Awwwww that is so cute! I also noticed how poodles seem to recognize each other! Molly will always offer a playbow to a poodle and get excited, but only a polite, bored,'nose greeting' to other dogs!


----------



## glorybeecosta (Nov 11, 2014)

Tinypoodle I love the cut and I have been thinking of doing just that and this weekend if I am not working I will do it. I am still nervous after almost drowning Cayenne. I cannot get a side view of my dogs. Are yu pom poms round or bell bottoms. Bella had beautiful bell bottoms took, over a year to get them the way I wanted and then the same groomer that hurt her butt cut them round the same day. What blade do you use on the back end and what on the front end.
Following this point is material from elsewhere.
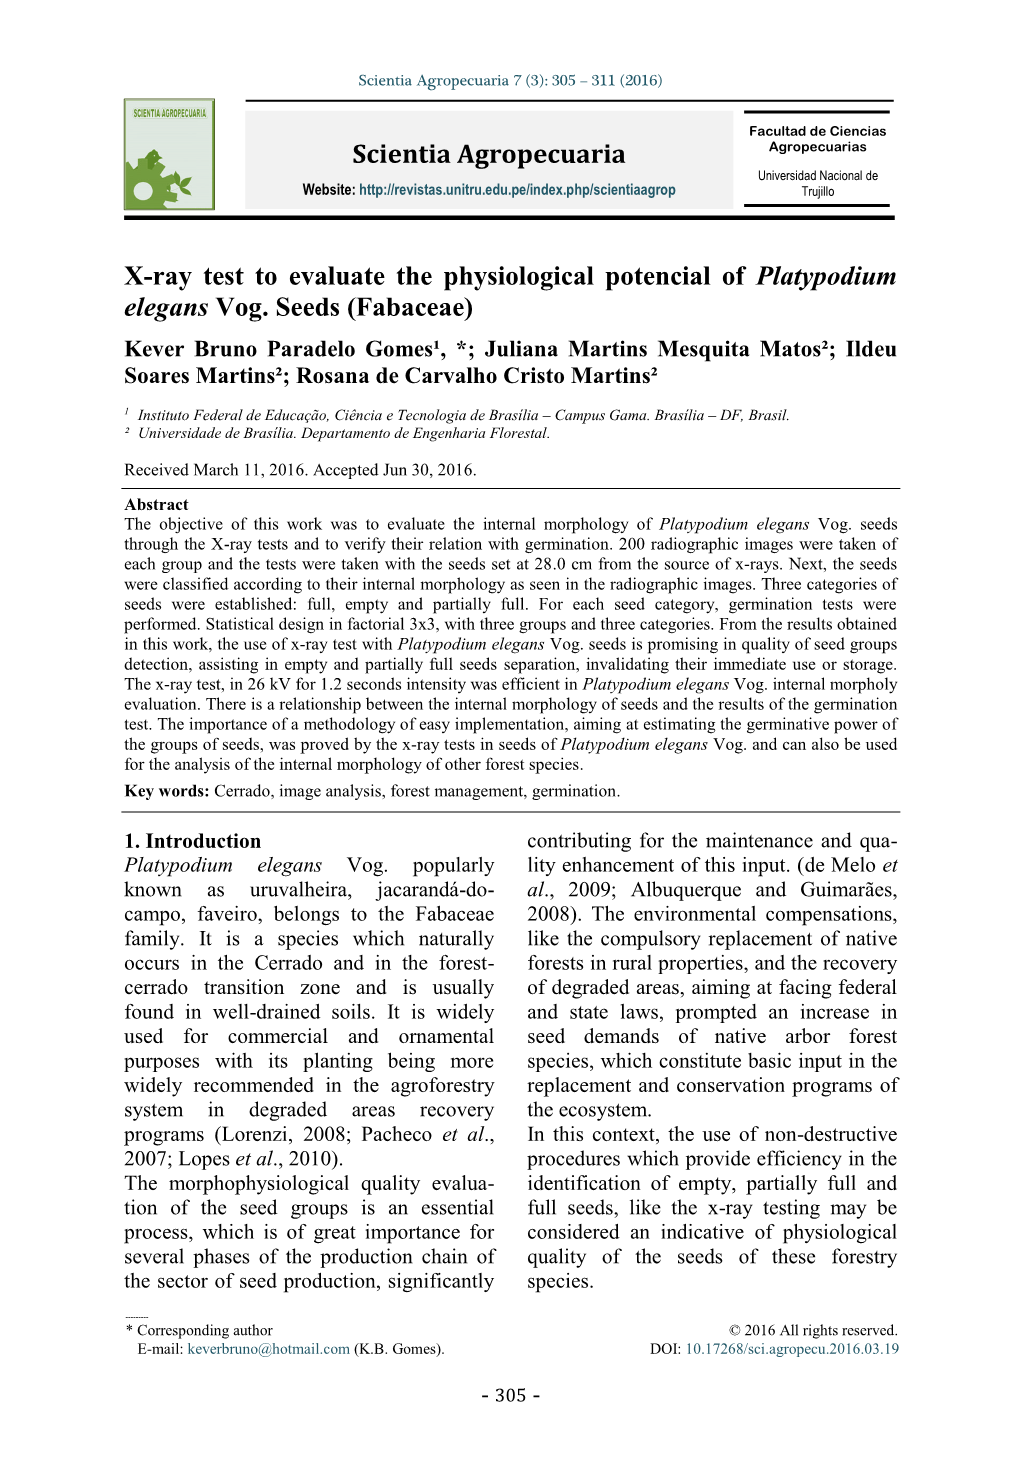 X-Ray Test to Evaluate the Physiological Potencial of Platypodium Elegans Vog

I have a 10 and combs. How often do you trim them. Thanks in advance


----------



## Poodlerunner (Jul 4, 2014)

waaaaa'y too cute!

pr


----------



## Tiny Poodles (Jun 20, 2013)

glorybeecosta said:


> Tinypoodle I love the cut and I have been thinking of doing just that and this weekend if I am not working I will do it. I am still nervous after almost drowning Cayenne. I cannot get a side view of my dogs. Are yu pom poms round or bell bottoms. Bella had beautiful bell bottoms took, over a year to get them the way I wanted and then the same groomer that hurt her butt cut them round the same day. What blade do you use on the back end and what on the front end. I have a 10 and combs. How often do you trim them. Thanks in advance



Aww, first of all you did not almost drown Cayenne, and you really should get over your nerves and relax about grooming or your anxiety will be clear to the dogs, and they will be anxious too.
And the good thing about doing the your own grooming is that you can do it piece by piece - you don't have to get through the whole thing in one day - having had three, and still with two, I rarely do everything in one day unless it is a special occasion. 
I use an adjustable blade clipper, and I have a set of combs, but I don't always pay attention to what I use. I normally do her face, legs, hips and feet with a # 40, but used a lower number this time because it is not that warm yet. You can't use a comb the jacket of the continental - the longest comb is like an inch I think, and at it's longest part it is probably 3-4 inches. Besides you need to shape that with scissors! The same goes for the bracelets - you need to hand scissor them. I am still having difficulty getting those right because Timi is in the middle of coat change and the hair on them still has long soft curls, not quite pouffy yet. But my aim is to have sort of a barrel shape on the arms, and just to follow the hock line on the back legs. 
Oh, and by the way, if you do use a comb, I think that you are supposed to use a number 40 with it, or you won't get an even cut.


----------



## Tiny Poodles (Jun 20, 2013)

Overall though, once you have your skills down, I actually think that the continental is easier - at least for me scissoring is the hardest part, and there is a lot less hair in need of scissoring with the continental!
The only cut easier is the Miami. For that you can use your clipper with a comb attached on the whole body. Though sometimes I will cheat and make it last longer by doing to body with a number 40 - they look naked for a day, but then the hair fills in enough that you can see the color, and the body looks great for a few months - just have to do the face and feet, maybe touch up the bracelets, and you are done!


----------